What’s human in the banal

“Sin embargo soy humana y me quedado aquí encerrada componiendo cancioncillas sin paraaaaaar”
Rigoberta Bandini

“Cuánto trabajo excavar y excavar solo para volver a mí misma”
Alejandra Smits

IRENA: What makes Rigoberta Bandini and Alejandra Smits’ creative content feel so close to the self? I believe it’s they explore that which most concerns human nature and the human condition. It’s not like they do things that haven’t been done before, in that sense, but it is truly undeniable that, for some reason, their way of looking for answers to little problems in the biggest places hits you especially.

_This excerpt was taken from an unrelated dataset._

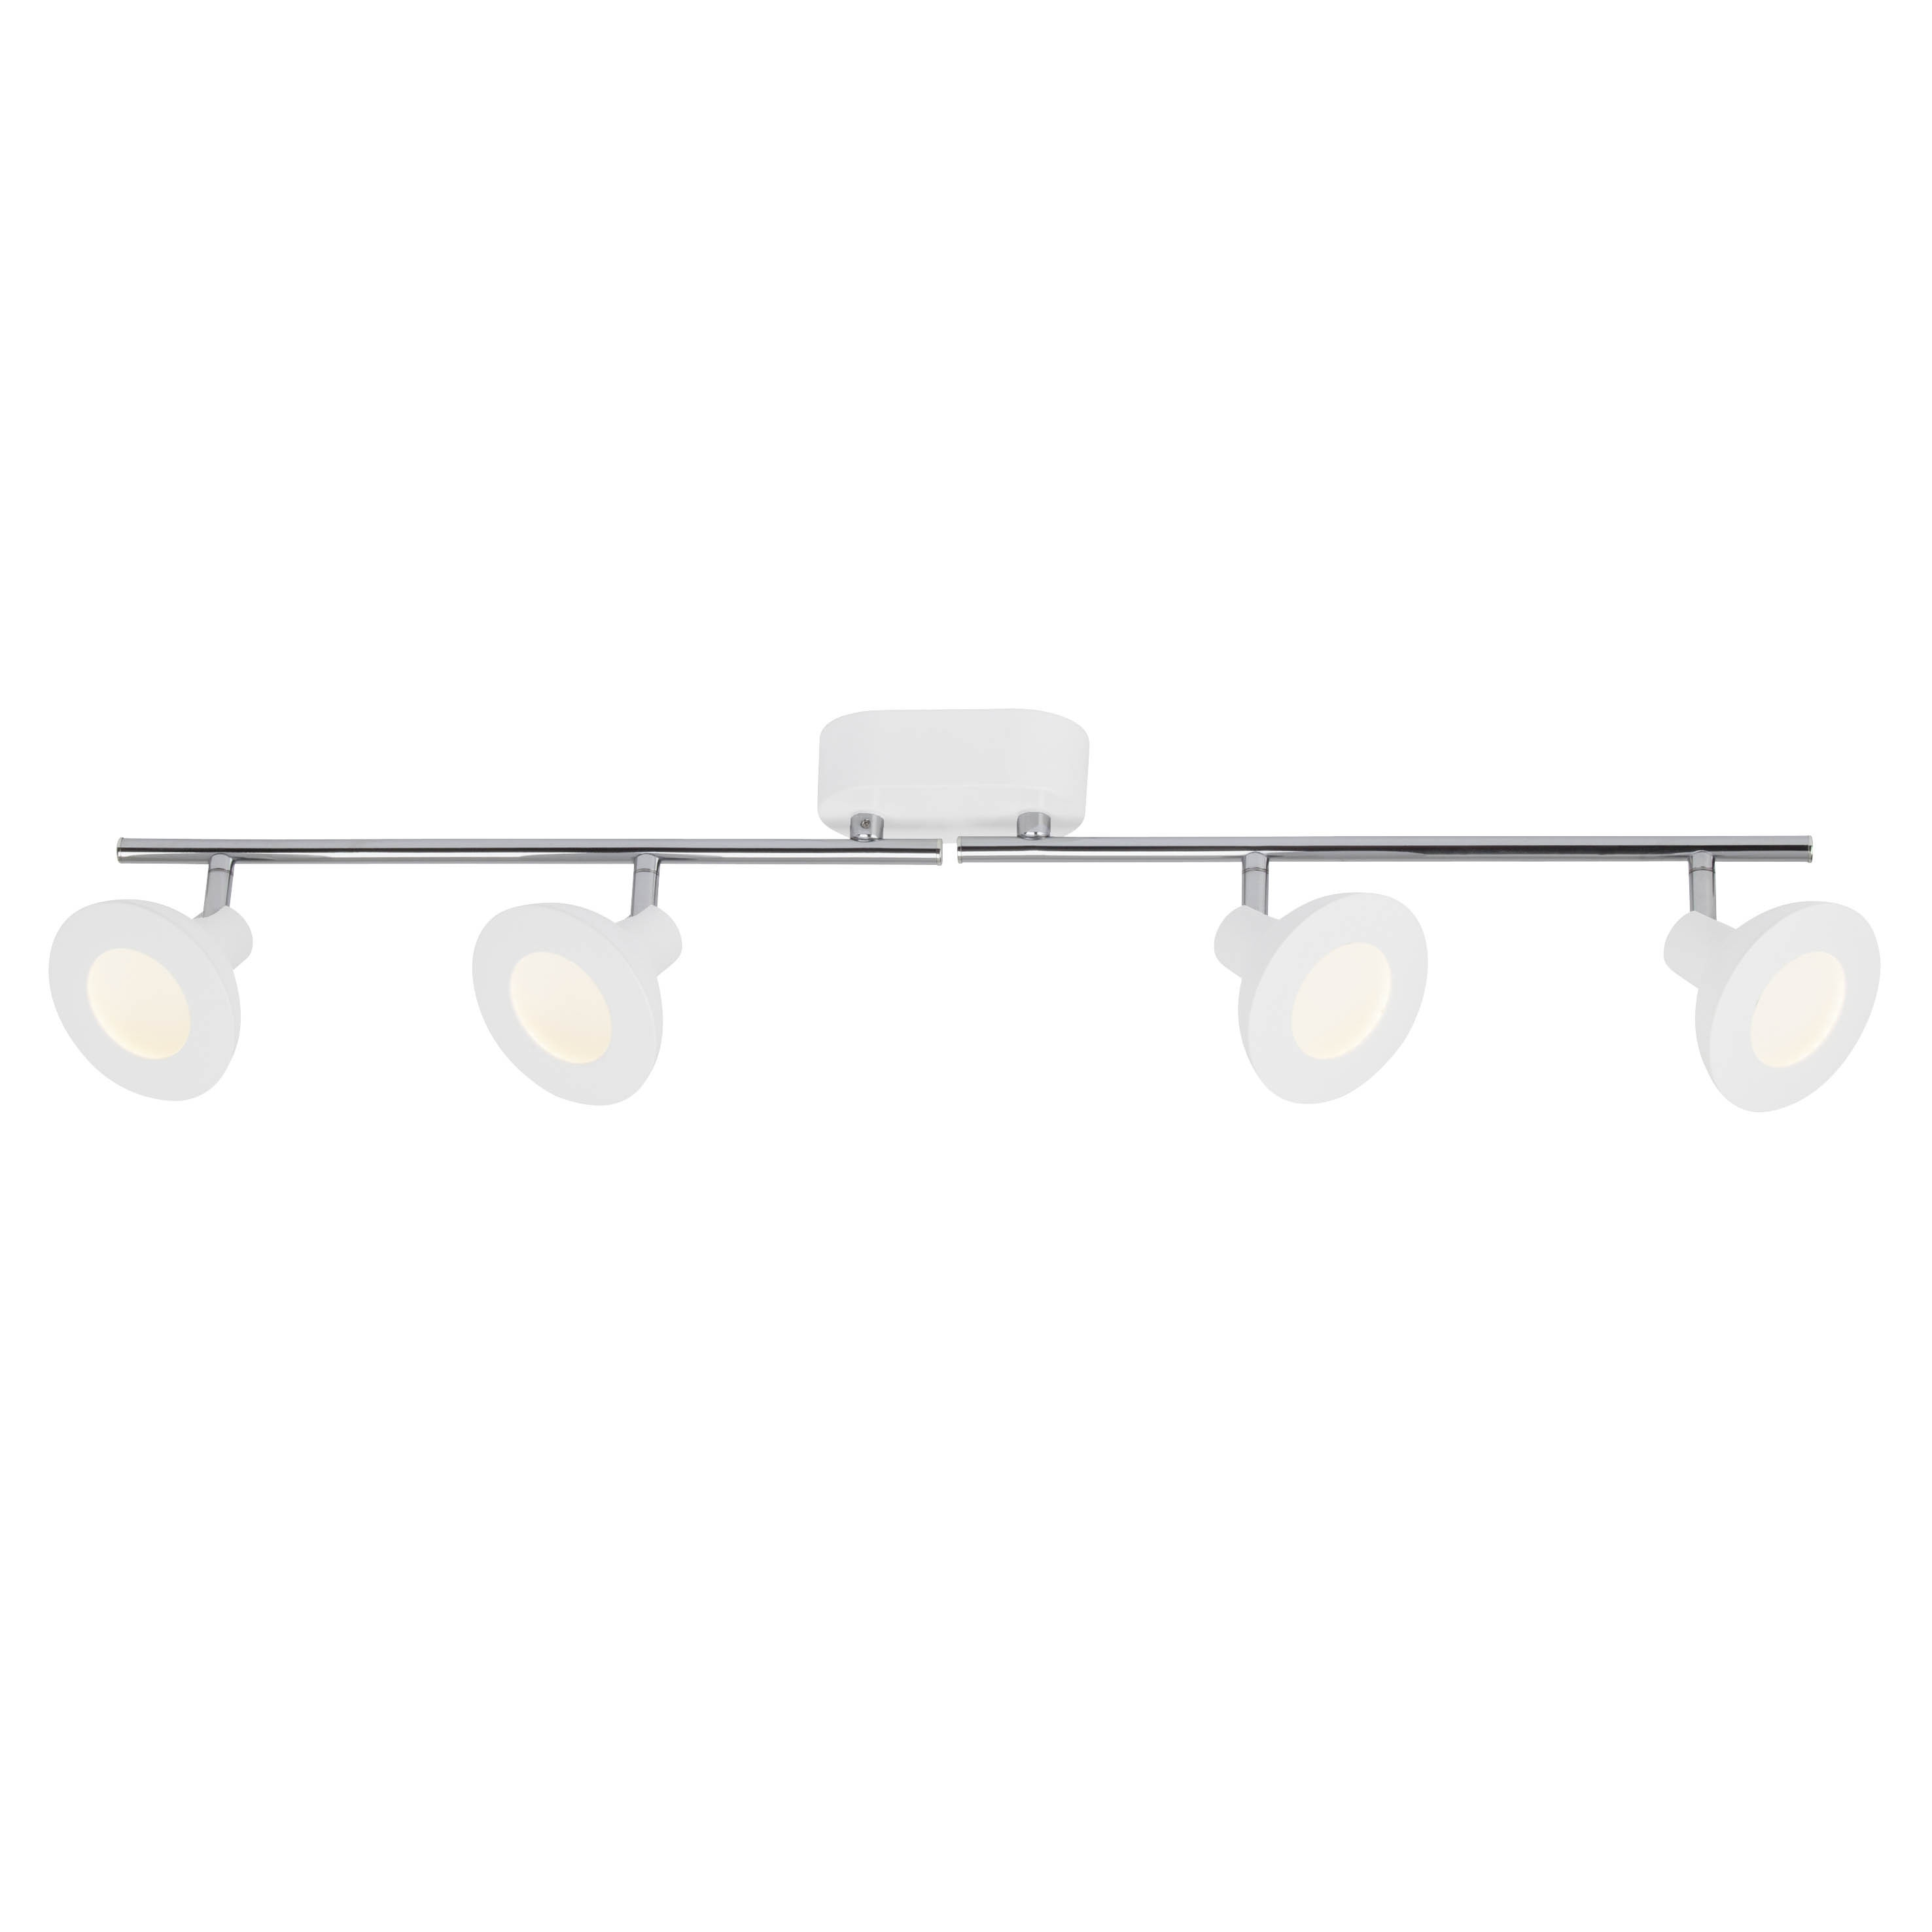 AEG Titania LED Spotrohr 4flg weiÃY/chrom
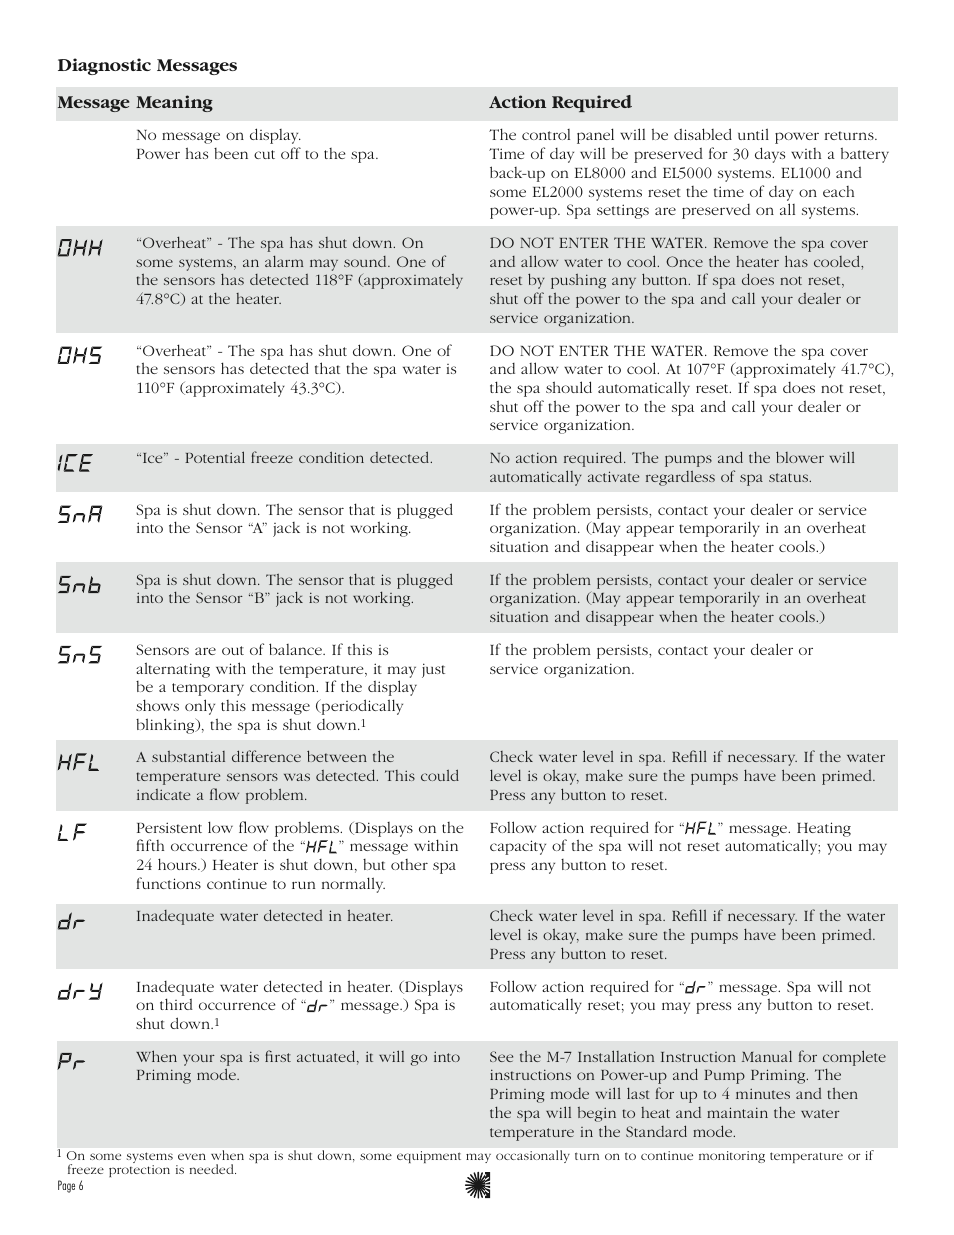 Balboa Water Group Manual Guide

MIREIA: “I like music that makes you cry and dance at the same time”, writes Rigoberta Bandini on her Instagram bio. I feel like this sentence sums up perfectly what we want to say. The fact that Bandini and Smits create a series of content in a simple, if we may, and nonchalant way, does not mean that they don’t care. Both of them are examples of the different ways in which we can approach certain topics nowadays, through viral culture, in a fun way (“the dancing”), but not denying the background and depth that they may hold (“the crying”). That’s why, without all the palaver, Rigoberta’s music and lyrics talk to us about the heaviness of being human and simultaneously invites us to live through it with a sense of celebration.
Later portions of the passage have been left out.